Clustering

Jarad T. Bushnell

Apr 18, 2019

Purpose

This script shows how I segment my company’s customer base by clustering average order values.

Clustering Inspiration

“Clustering algorithms for customer segmentation” https://towardsdatascience.com/clustering-algorithms-for-customer-segmentation-af637c6830ac

“Finding Optimal Number of Clusters” https://www.r-bloggers.com/finding-optimal-number-of-clusters/

“UC Business Analytics R Programming Guide - K-means Cluster Analysis” https://uc-r.github.io/kmeans_clustering

Check it out

date_purchased orders_id account_type customers_email_address part_id products_quantity products_price revenue customer_type products_category
2018-10-01 3735272 account email #25538 937 2 6.416164 6.416164 non reseller cables
2018-10-01 3735272 account email #25538 3258 2 8.040510 8.040510 non reseller cables
2018-10-01 3735274 guest email #82009 2886 2 1.543128 1.543128 non reseller arduino
2018-10-01 3735274 guest email #82009 2830 2 2.030432 2.030432 non reseller arduino
2018-10-01 3735274 guest email #82009 2884 3 8.040510 16.081019 non reseller arduino
2018-10-01 3735276 account email #72846 3806 2 11.289200 11.289200 non reseller tools

Determine number of clusters using the Elbow method

The plot below compares the total “with-in clusters sum of squares” (WCSS) with the number of clusters. A single WCSS for a single cluster shows how much variation is in that cluster; so, in general, a smaller WCSS means a better cluster. When you have more than one cluster, you can add these WCSS’s up and get the total per each set of clusters.

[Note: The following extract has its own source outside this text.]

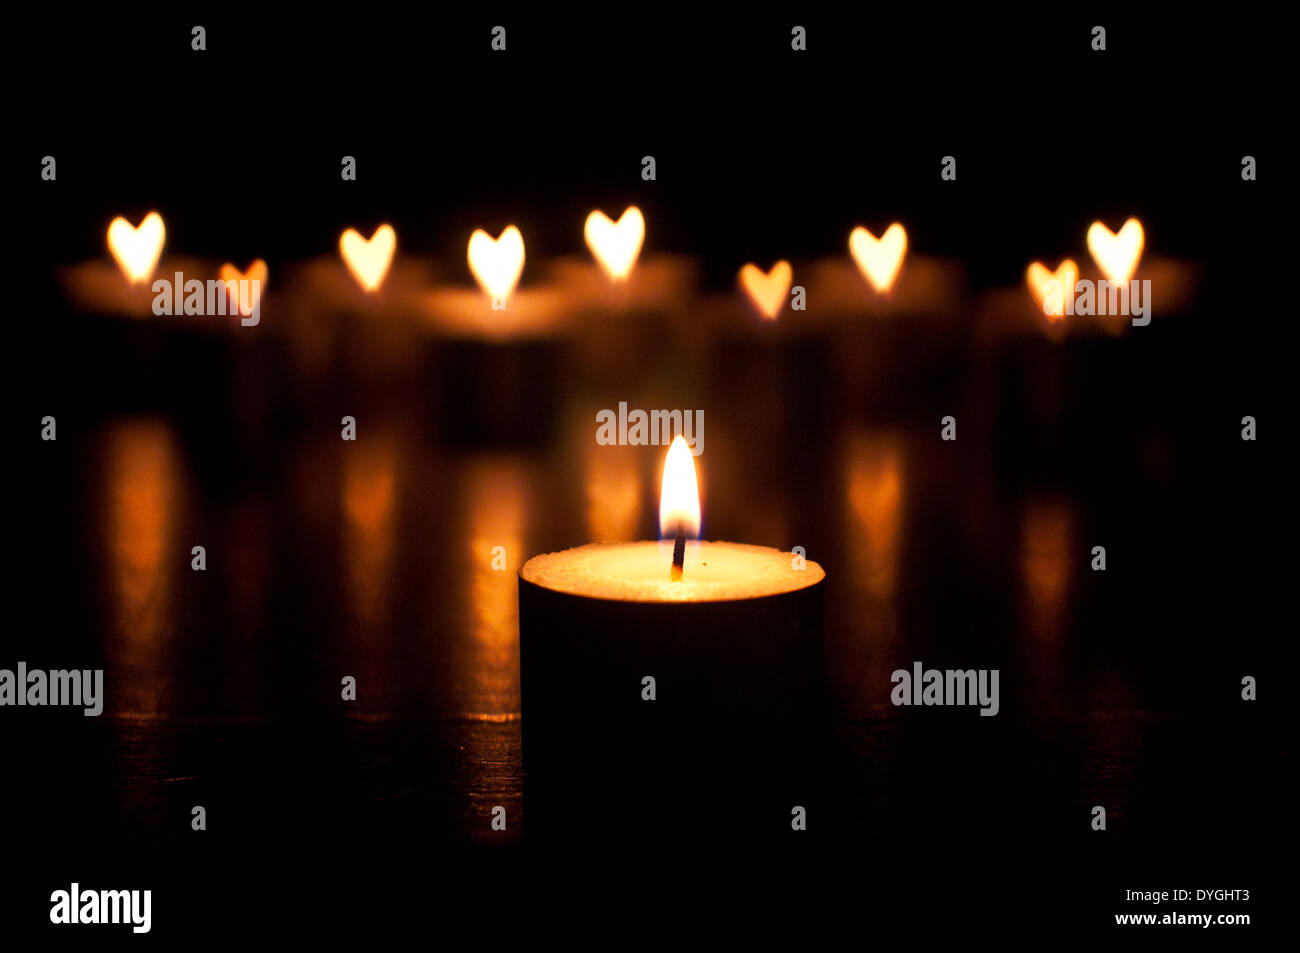 Les bougies avec des problèmes de mise au point les flammes en forme de coeur d'amour Photo Stock

We want to choose the number of clusters right before the line in the plot begins to level out. At this point, the point of leveling out, adding more clusters would not explain much more than what we have already explained with the previous clusters.

Add clusters to main data and group by cluster to get some stats

The table below shows the min, median, avg, max, count, and proportion of average order values, broken down by cluster.

The table shows that 96% of account holders have average order values between $1.20 and $552, while 3.7% have average order values between $553 and $3,487, etc.

cluster min median avg max count count_as_percentage
1 $1.22 $74.33 $106.68 $552.11 41,798 96.1%
2 $552.93 $762.91 $998.76 $3,486.93 1,625 3.7%
3 $3,596.56 $5,134.67 $6,065.69 $15,554.73 87 0.2%
5 $21,615.98 $30,032.12 $29,903.47 $37,933.66 4 0.0%
4 $62,537.30 $74,703.64 $74,703.64 $86,869.99 2 0.0%

The plot below shows that cluster 1 (red) has many members with low average order values, while cluster 4 (blue) has two members who have large average order values.

The box plot below shows cluster 4 towering above all others.

Summary and Next Steps

This cluster analysis shows that 96% of customers have average order values between $1.22 and $552, which is a huge range. A next step could be to cluster on this segment only; it’s worth understanding, since it makes up most of our customer base.

Another approach is to break down the entire data set by US state, and then cluster within each state. The results from this method could be used for marketing campaigns or incentive programs meant to increase the average order value of account holders.

Yet another approach is to cluster the guest data along with the account holder data and compare the two. These results could be used to develop an incentive program to encourage guests to create accounts.